A Move to Secure Data by Scattering the Pieces

Posted by ryuzaki0 on from the can-you-find-me-now dept.

uler writes "The NY Times has an article about an interesting new open source storage project. Unlike data storage mechanisms today that work 'by making multiple copies of data,' the Cleversafe software takes an 'approach based on dispersing data in encrypted slices.' It's an elegant solution and one that's been a long time coming: the software uses algorithmic techniques known by mathematicians since the 70's. Adi Shamir (of RSA) first wrote of information dispersal is his 1979 paper 'How to Share a Secret (pdf).'"

14 of 141 comments (clear)

  1. Hmmm.... by Anonymous Coward · · Score: 4, Insightful

    PAR? PAR2?

    1. Re:Hmmm.... by Disoculated · · Score: 4, Informative

      Whomever marked this as offtopic was a little quick on the gun. I believe the coward is referring to PAR files, a method of breaking up data and reassembling it commonly used on newsgroups.

  2. Wasn't this Al Gore's idea? by andrewman327 · · Score: 5, Insightful
    Although the goal was different, this is in the spirit of the creation of the Internet. DARPAnet was designed to scatter information to maintain communications. to use a different example it reminds me of RAID.


    With all of this encryption technology, people still need to remember basic security tips. Use good passwords ("password" could be cracked very quickly even with 128 bit AES), maintain physical security (hardware keyloggers can find out about the manifesto you're writing before you even save the file) and use common sense.

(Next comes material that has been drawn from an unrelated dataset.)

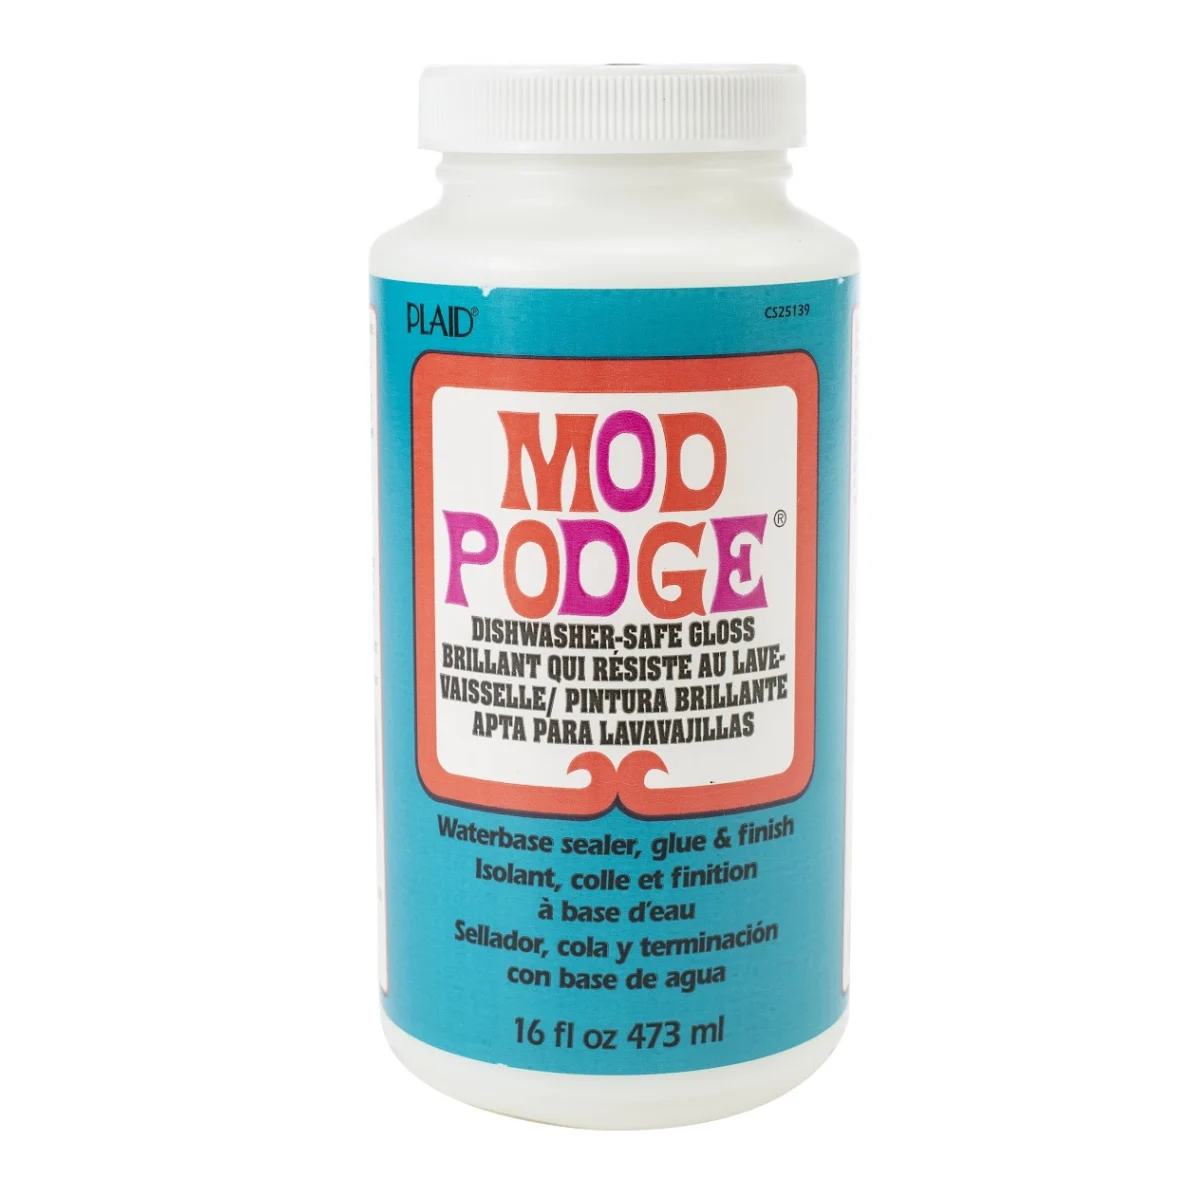 Mod Podge Matte: Your Complete Guide - Mod Podge Rocks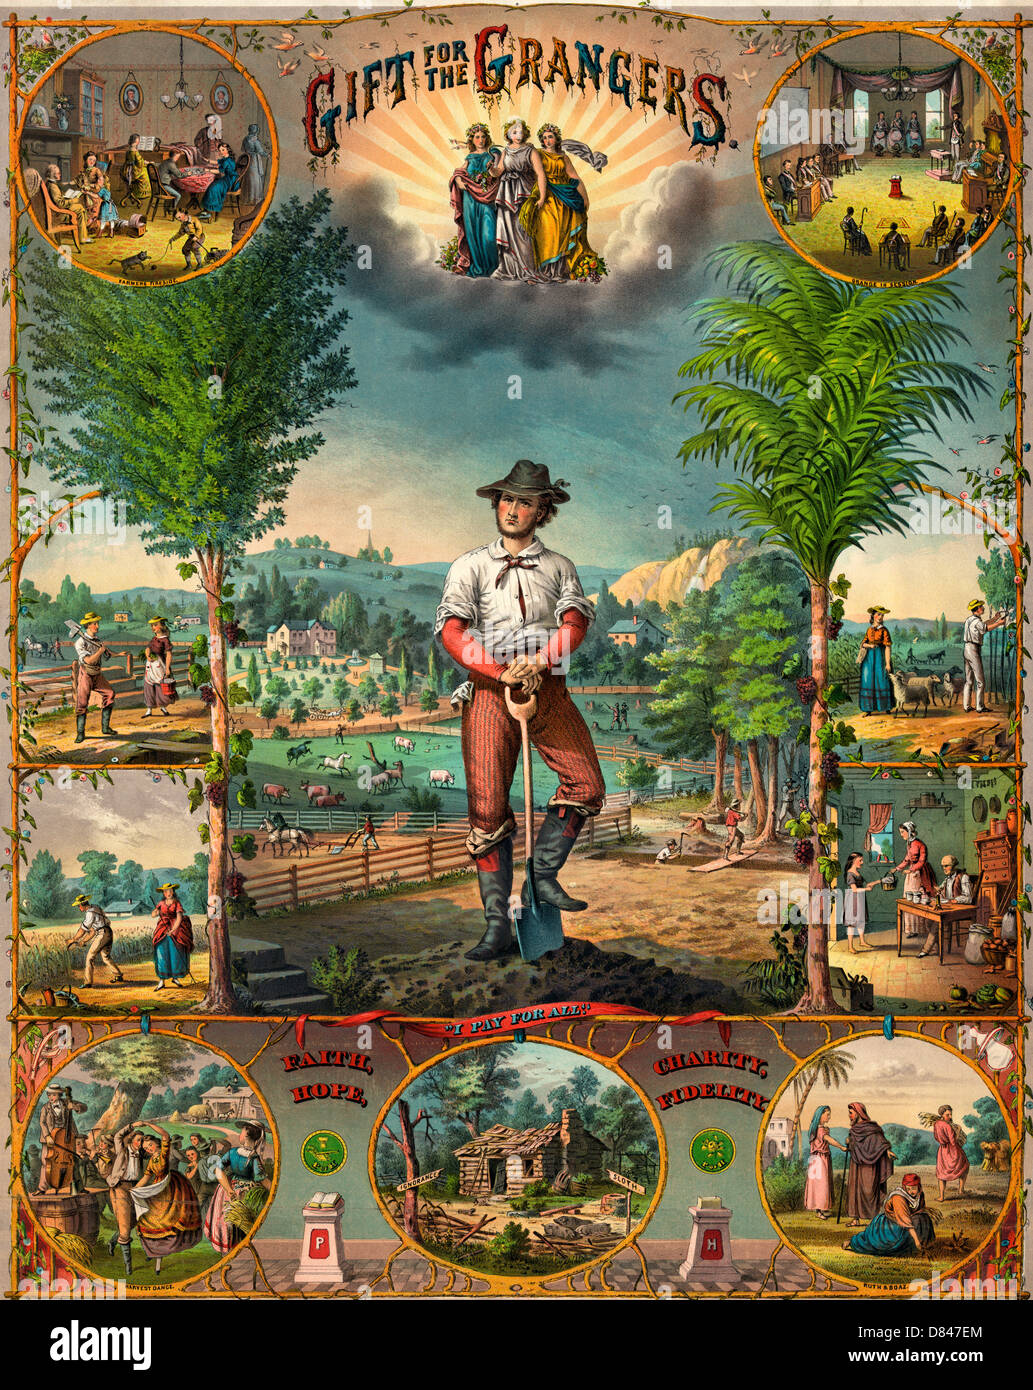 Regalo per i grangers - stampa promozionale per Grange membri raffiguranti scene di allevamento e della vita agricola, circa 1873 Foto Stock

    Before you all ask, yes it does run Linux. The company was actually at Linuxworld.

    --
    Information wants a fueled airplane waiting at the hangar and no one gets hurt.
  3. Windows ME: Most Secure OS Ever? by nick_davison · · Score: 5, Funny

    Storing data in random locations, often garbled beyond all recognition?

    Clearly Windows ME's memory -l-e-a-k-s- management made it the most secure OS ever. If only they had some way of reconstructing that data when you wanted it back again.

  4. Number 1 of 4 by Red+Flayer · · Score: 4, Funny

    This concept just adds another layer

    --
    "Trolls they were, but filled with the evil will of their master: a fell race..." -- J.R.R. Tolkien on Olog-hai
  5. Freenet? by BigZaphod · · Score: 4, Interesting

    Isn't this basically what freenet does? It encrypts the data into chunks and spreads it around all over the place.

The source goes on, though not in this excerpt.